For the first time since 2007, we don’t have a pennant race to look forward to, no matter what the team claims. No, all we have to watch is the embarrassing divorce case (kudos to Jon Weisman for an absolutely perfect attack on the hypocrosy of ownership), state investigations into mismanagement of charity funds, and dozens of media members trying to rewrite the history of Manny Ramirez. Remember when all we cared about was baseball? The divorce case gets juicier by the day, but I’m not going to recap every turn in the court dialogue, other than when major news breaks, because it’s not what I do; again, I direct you to Josh Fisher and Molly Knight.

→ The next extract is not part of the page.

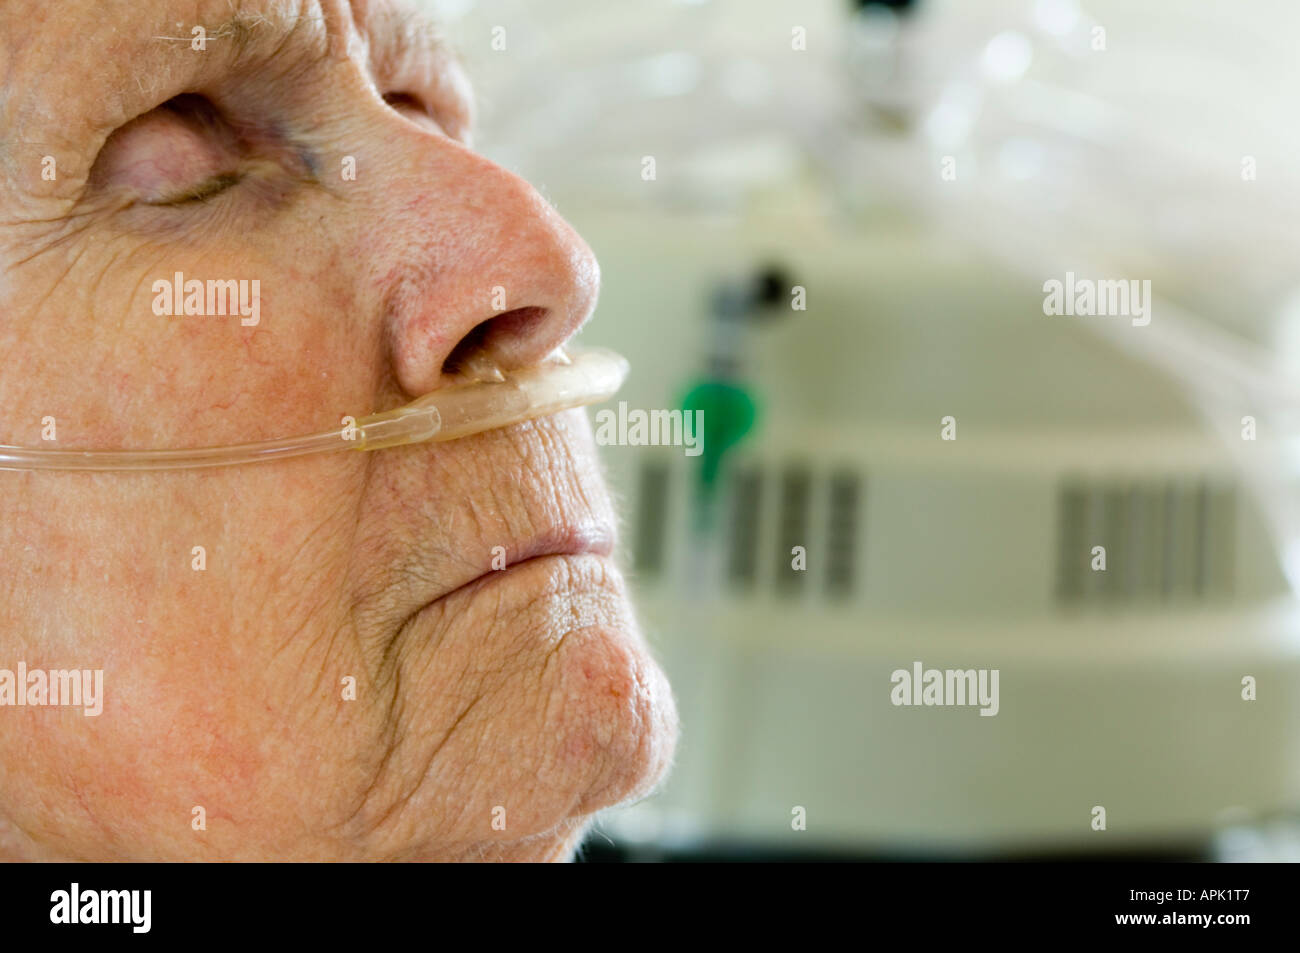 80-anno-vecchia donna con ossigeno cannula nasale nel suo naso in ospedale Foto Stock

Still, there are 28 games remaining, and I can’t spend it all moping that the Dodgers foolishly made no trades to sell off veterans when it was clear they had no chance of contention. There’s still work to be done, progress to be made, and knowledge to gain. Do we really need to see the same eight guys every day for the rest of the year just to finish 82-80? It’s not like we don’t already know that Casey Blake is cooked, or that free-agent-to-be Scott Podsednik has a decent OBP but no power and average-ish defense. No, let’s use this time to see some sights and find out about 2011.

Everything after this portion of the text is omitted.